I have a request for a Christmas gift. It's a hunter like the DH44 pattern but has a deeper blade and modified handle. I am making it from Crucible Industries' CPM154 1/8" x 1-1/2" stock.

 I have made a steel pattern for this one, roughly based on the HD44 template here.
I clamp the pattern down to the steel and trace the outline with a permanent marker.
Once traced I take the pattern off and start cutting out the shape on the band saw.
At this stage I am going close to the line. The inside curves are made with a series of cuts that can be easily ground out on the grinder.
On the belt grinder with a fresh ceramic 60 grit I bring the shape back to the line. The flat platen and work rest is great for this. Make sure your rest is 90° to the belt face.
Once the profile is made, I stand the piece up and remove the coarse scale and any pits in the steel surface.
Here I taper the blade portion of the knife. I use a magnet to hold it while I push heavily on the front (stabby end) of the blade. I don't want a radical taper here, more of a line from full thickness at the ricasso area to about 1/16" of an inch at the tip.
Now I layout where the handle will be. We need to know this before we start drilling in the tang. I am using a protractor to make the arc and drawing the shape with a permanent marker.
Once the idea for the handle is set, I determine the mid points and then the quarter points for the pins. This knife will have a lanyard hole of 1/4" diameter.
I like to center punch the pin holes before drilling. This helps keep the bit on mark.

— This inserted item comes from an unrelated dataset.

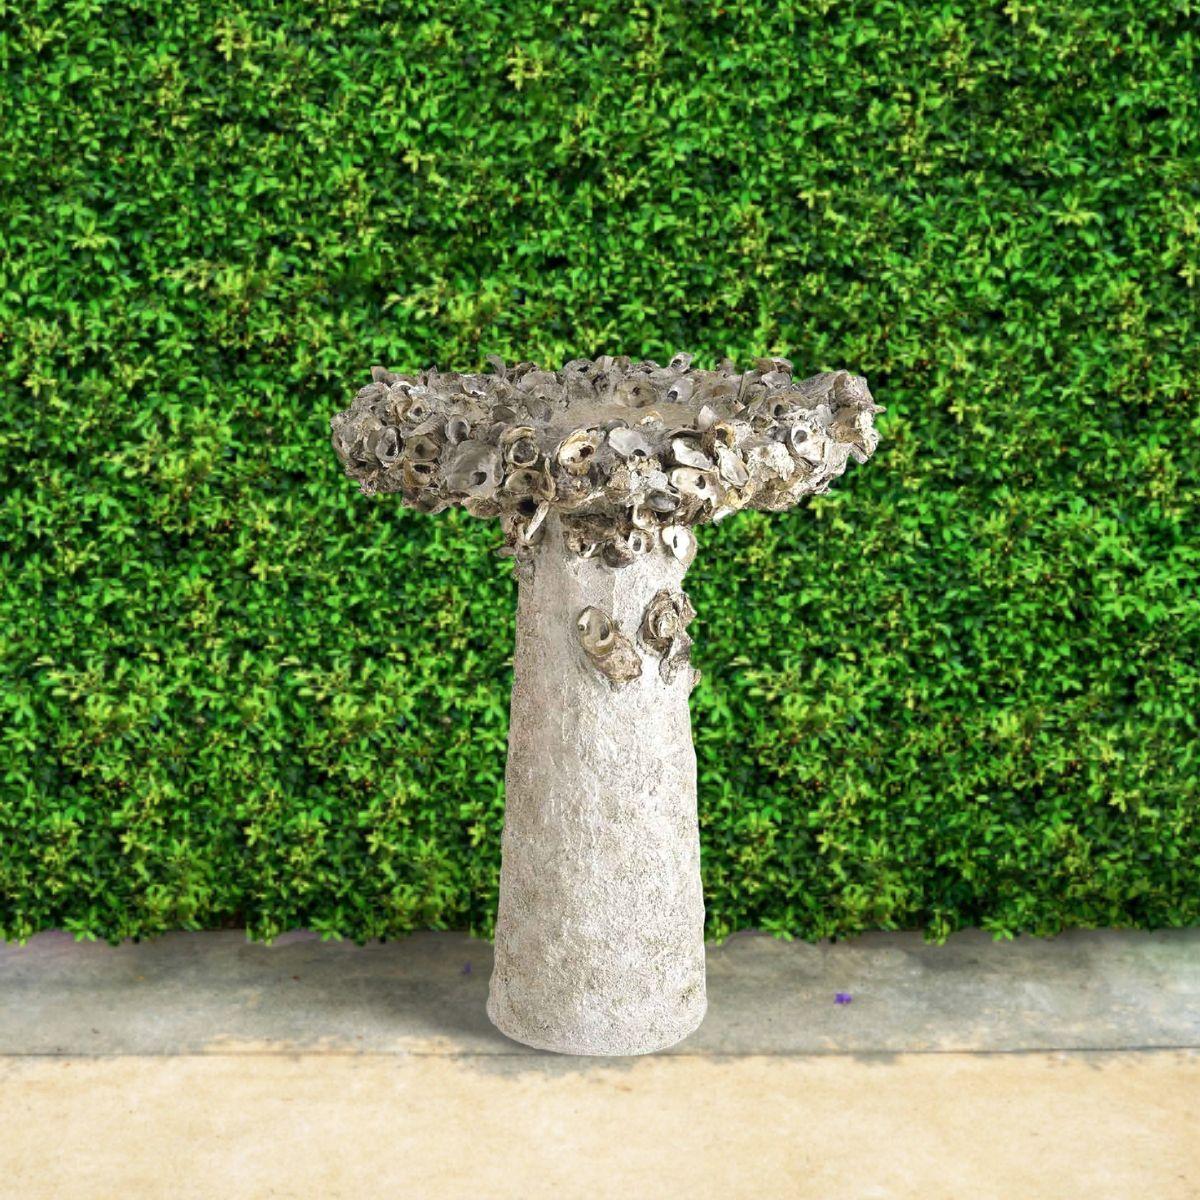 oyster-shell-birdbath-fountain-outdoors

Drilling the pin and lanyard tube holes. Numbered bits 12 and F are used for 3/16" and 1/4" pin stock respectively.
After the pin/lanyard holes are done, I de-burr the holes with a countersink bit. This helps me to identify them later when the whole tang is full of holes.
Now it's time to go nuts and drill a bunch of holes to lighten up the handle and better balance the knife. How many to drill? I check the balance by holding the knife in my hand and then resting the finger choil on my forefinger. When it feels like the handle and blade are the same, I stop drilling holes.  The idea here is the that steel removed when making the bevels is about equal to the handle material. Of course this entirely depends on the weight of the scales and pins that you choose.

This is the knife ready to start the layout and primary grinding.